Unstructured Data & Structured Data - Complementary, not Divisive
2011 finished with the European leg of the 2011 Global Netezza Roadshow. We shared product updates, customer case studies and just got together with our community in Paris, London, Milan and Frankfurt. A year ago I wrote about a great restaurant in Milan that I visited when I was there for the Netezza roadshow in 2010 and, true to form, I ate well there on this trip too - especially the place that has a chocolate board as well as a cheese board!
The European VP of our customer Catalina Marketing presented at the Milan Roadshow; she told us about their biggest table - 1.2 trillion rows. That is staggering. I often tell the Catalina story – how they do real-time scoring of your ‘basket’ at the supermarket checkout, and print out a personalized money-off coupon on your till roll. It’s a great example of big data analytics in action. But it is a story of relational big data (very big - Catalina have over 2 peta-bytes of data under management on IBM Netezza appliances).

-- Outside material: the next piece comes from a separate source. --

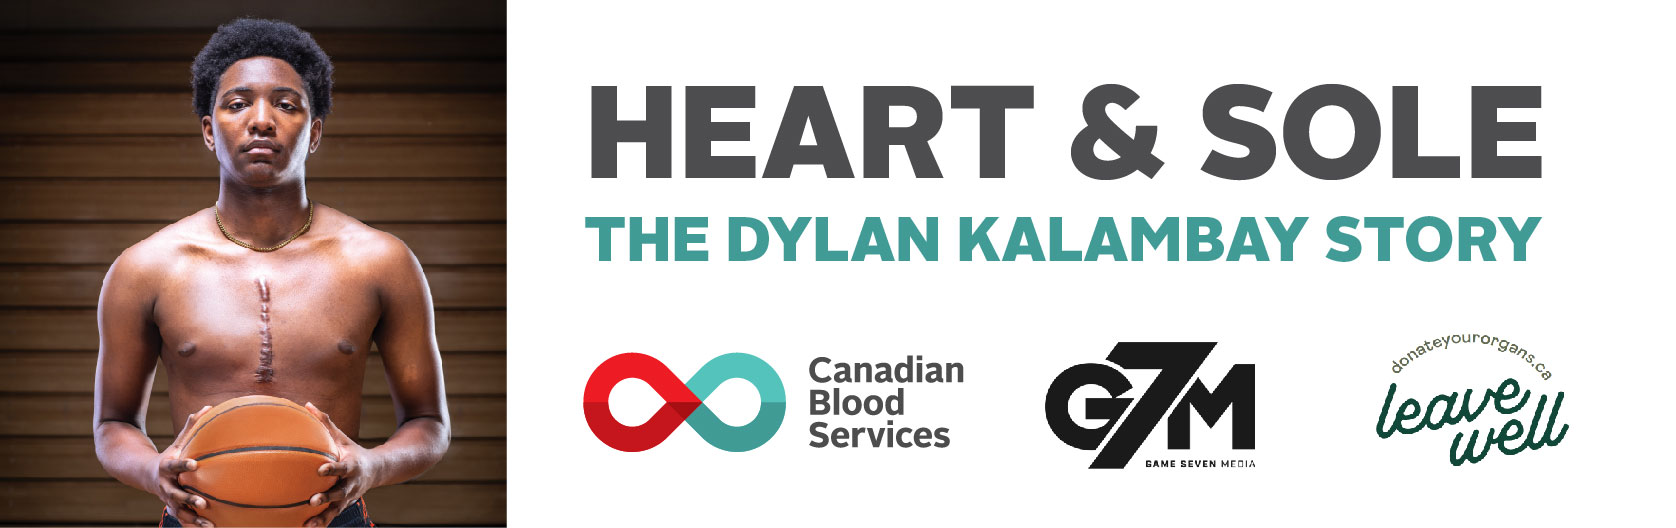 promotional image for the film Heart and Sole with logos for Leave Well, Canadian Blood Services and Ridley College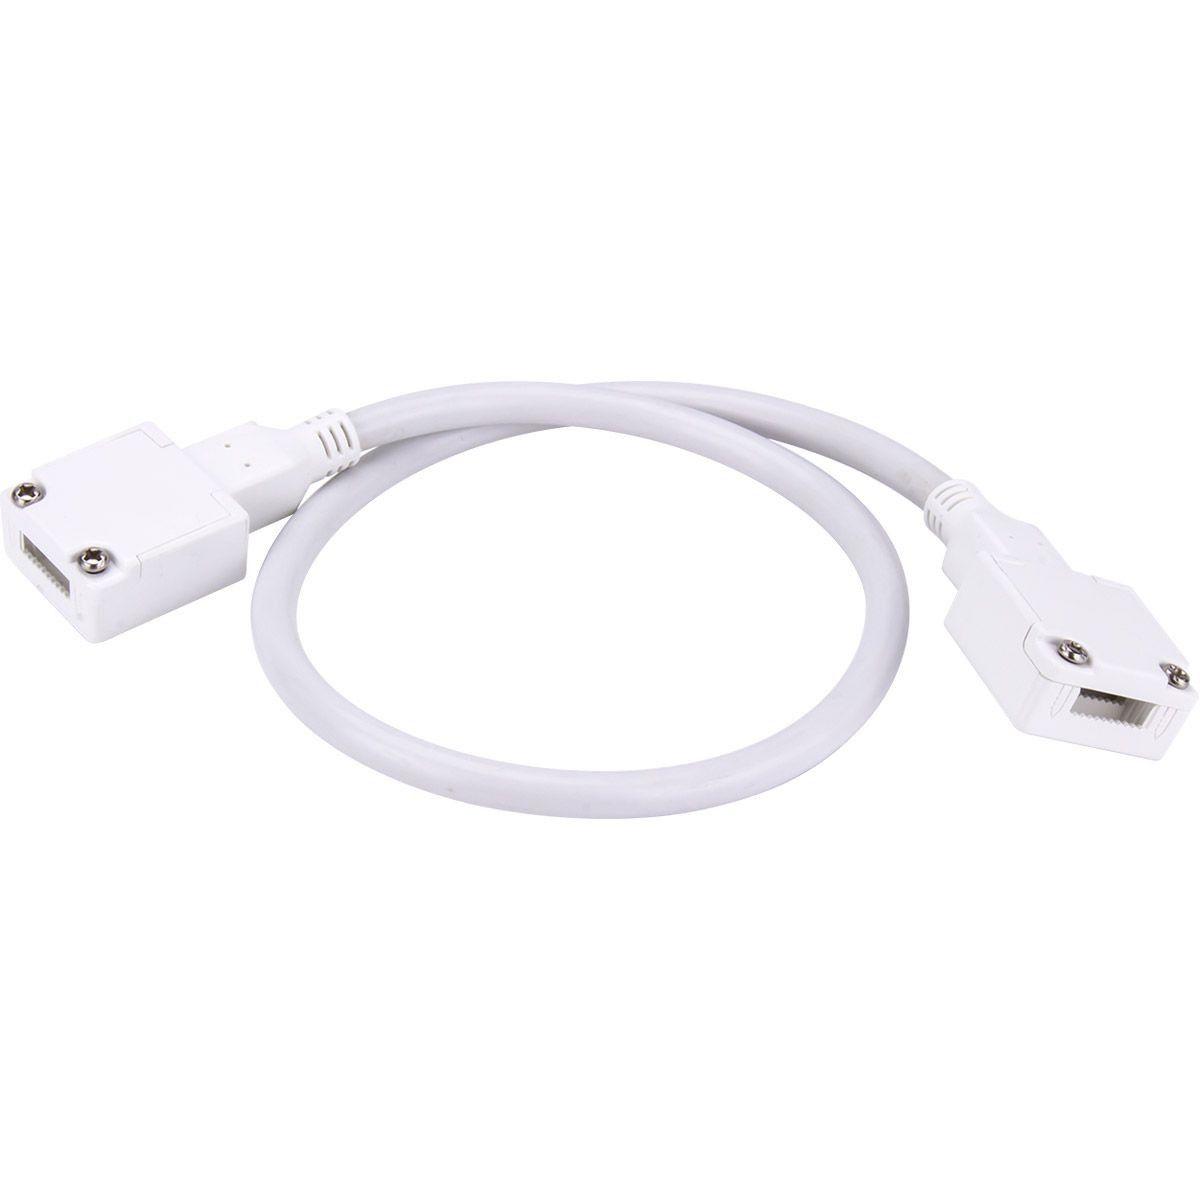 Hybrid 3 6in. Linking Cable

In Milan, as at our London roadshow, I was presenting the IBM vision for managing big data that isn’t only relational. Many of the case studies from the niche players for unstructured big data (usually internet-sourced data) are isolated from the corporate data warehouse; sometimes they appear to be in competition with the corporate (relational) data warehouses. It has struck me there’s an element of the OODBMS zealotry amongst some of this crowd. And it really isn’t helpful for corporate data architects trying to get a grip on the implications of this new world, trying to forge a big data vision for their employers. Those architects want all their data assets to be exploited for maximum value, but the old spectre of data silos re-emerges with the prospect of a sprawl of unconnected data marts some structured, some unstructured. This prospect probably isn’t even helpful to the NoSQL proponents who aren’t going to destroy SQL for analytics, and so will have to co-exist with it.
But one of the plus points of being in IBM is that I have the widest palette of data management tools available to me in-house to paint my picture of big data management. I can blend real-time streaming data capability, Hadoop-based map-reduce capability and relational, analytic appliances. Which is just as well, because wherever I look in the IBM customer base at big data stories, if there is unstructured data being used it is almost always being re-used, to deliver additional insight, in conjunction with corporate relational data assets. Whether it is PNNL processing streaming smart grid data then re-analysing it at rest to build predictive models of grid behavior or sentiment analysis of retailer web presence being subsequently combined with customer purchasing history to predict buyer intentions, the pattern emerges of the multiple technologies rendering multiple insights, often using internet and corporate data sources together.
So to return to the beleaguered corporate big data architect, I think that there is no single technological silver bullet for all your analytic workloads. There’s not even one exclusive technology for each of your Internet data sources. To deliver all the analytic workloads on all the data sources we’ll be moving data around, all in one logical data warehouse, combining it to support the different use cases that each deliver their own value to the organization. But that doesn’t mean I’d support an emergent adhocracy of polymorphous data marts. A sprawl of data marts has already proved problematic for many organizations. What I think it means is that the successful corporate big data architectures will combine use case-driven delivery on an infrastructure that can put the right data, in the right place, in the right combinations to support those use cases.
And yes, I am talking Smart Consolidation again, and yes I would say fair enough if you raise the Mandy Rice-Davies objection that what else would an IBMer say when his employer is the only player in the market who has all the products to build such architecture. All I’d say in my defense is that if a friend was considering joining some big data niche vendor, the first thing I would recommend they ask, as a measure of their prospective employer’s credibility and their prospect of longevity, would be ‘what’s your strategy for co-existence with the relational world and other big data niches?’
For More Information:
 credit to Gartner Group for the concept of logical data warehouse
 yup, that is possibly one of the top ten bollox sentences you’ve ever read, unless you’ve read much post-structural analysis, in which case it’s not even on the radar. But i couldn‘t resist it, and anyway it sounds better than ‘lots of data marts springing up around the enterprise on different technologies, each addressing one use case without reference to any over-all architecture’.